NASA Discovered That Antarctica Is Melting Faster Than Believed

NASA Discovered That Antarctica Is Melting Faster Than Believed

A NASA study, based on an innovative technique to analyze satellite data, provides the most accurate measurements in the meltdown of Antarctic ice in the ocean. Accordingly,  NASA discovered that Antarctica is melting faster than believed.

The computer technology used by NASA in this study processed hundreds of thousands of data and images from the Landsat satellite of the US Geological Service, to produce a high-precision map with the changes in the meltdown of the ice sheet.

The new work provides a baseline for the future measurement of changes in the Antarctic ice and can be used to validate numerical models of ice sheets that are necessary to perform sea level projections.

It also opens the door to faster processing of large amounts of data, according to the Jet Propulsion Laboratory.

Antarctica is melting faster than expected

The study, which was published in the magazine “The Cryosphere”, also identified the fastest acceleration of the Antarctic glaciers meltdown during the seven-year study period.

The glaciers that feed Marguerite Bay, in the western Antarctic Peninsula, increased their flow rate between 1,300 and 2,600 ft, probably in response to ocean warming.

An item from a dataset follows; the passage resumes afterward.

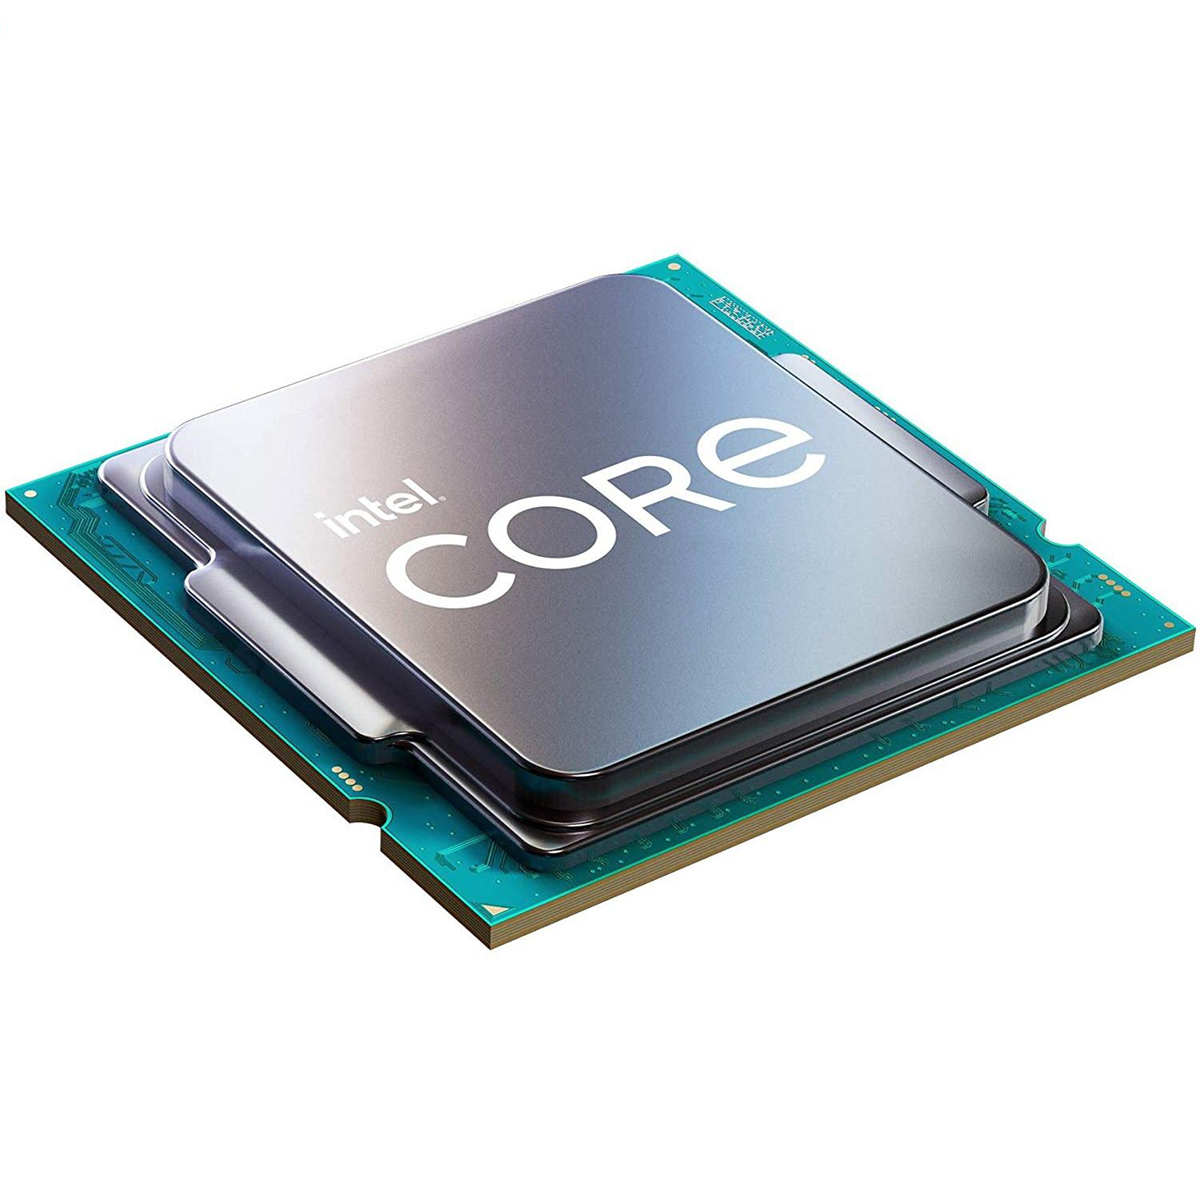 پردازنده اینتل مدل Core i5-8600k Tray

However, perhaps the greatest discovery of the research team was the steady flow of the eastern Antarctic ice sheet. During the study period, from 2008 to 2015, this layer had no change in its ice discharge rate (the flow of ice to the ocean).

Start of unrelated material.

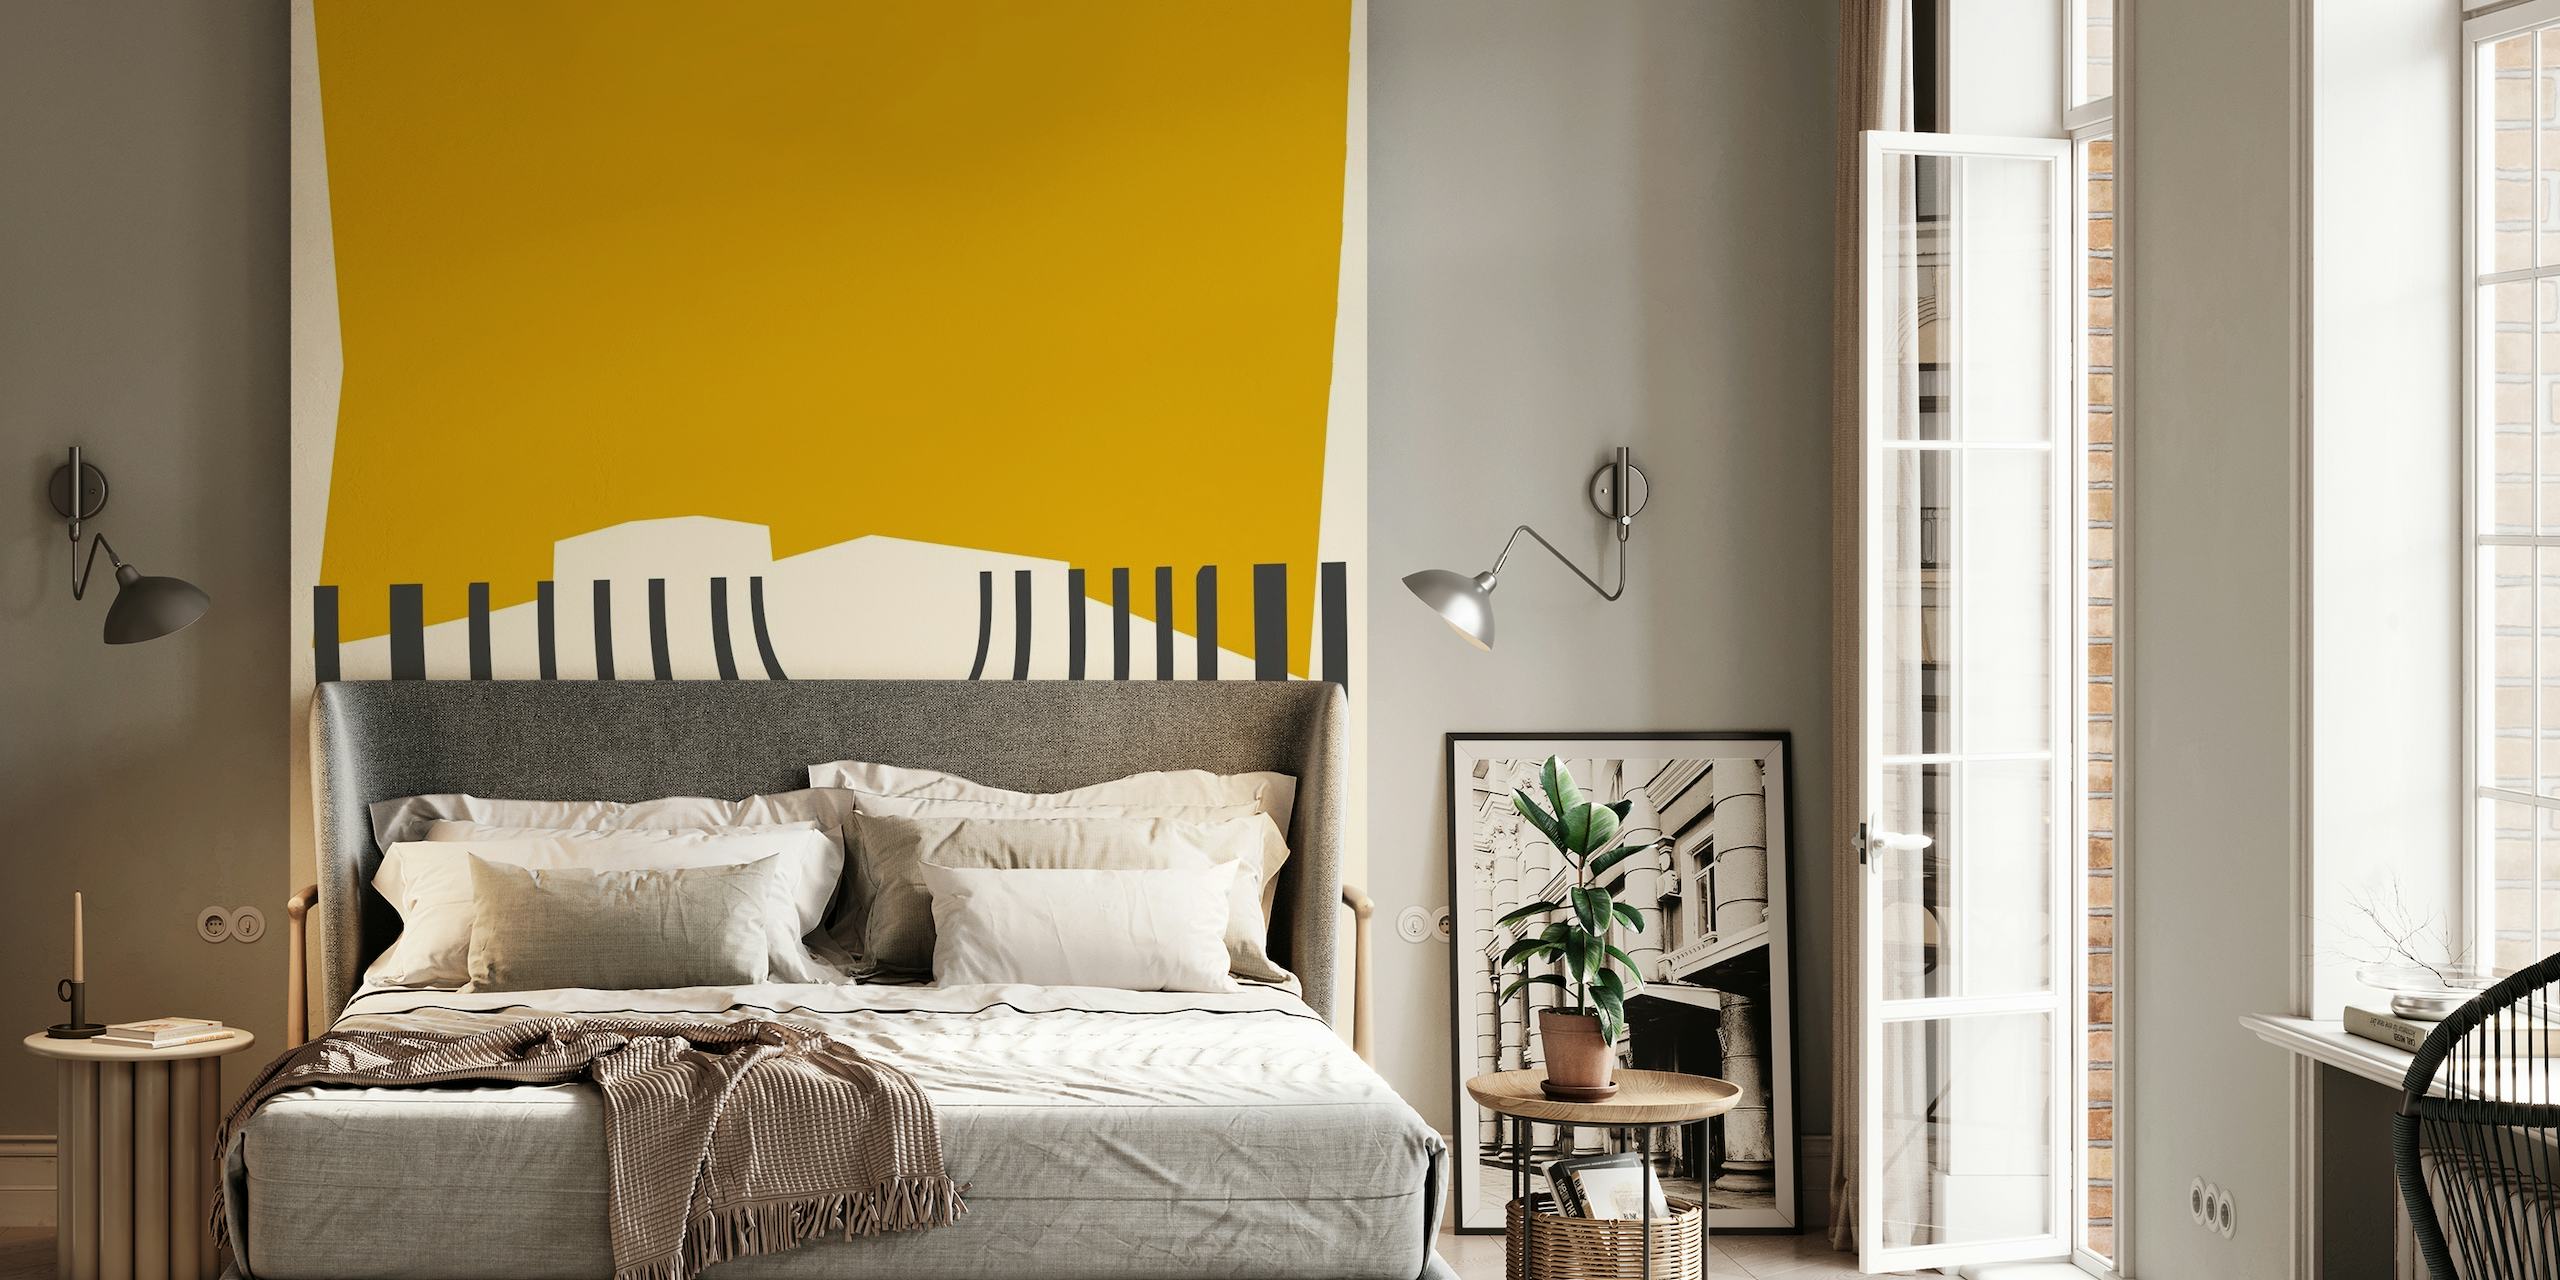 Mural de parede modernista inspirado no vintage com formas geométricas abstratas e detalhes em amarelo mostarda

Although previous research inferred a high level of stability for the ice sheet, based on volume measurements and gravitational changes, the lack of any significant change in ice discharge was never measured directly.

The study also confirmed that the flow of the Thwaites and Pine Island glaciers from West Antarctica into the ocean continues to accelerate, although the rate of acceleration is slowing.

NASA discovered that Antarctica is melting at 1,929 gigatons per year and that in 2015. That represents an increase of 36 gigatons per year, plus or minus 15, since 2008. One gigaton is one billion tons.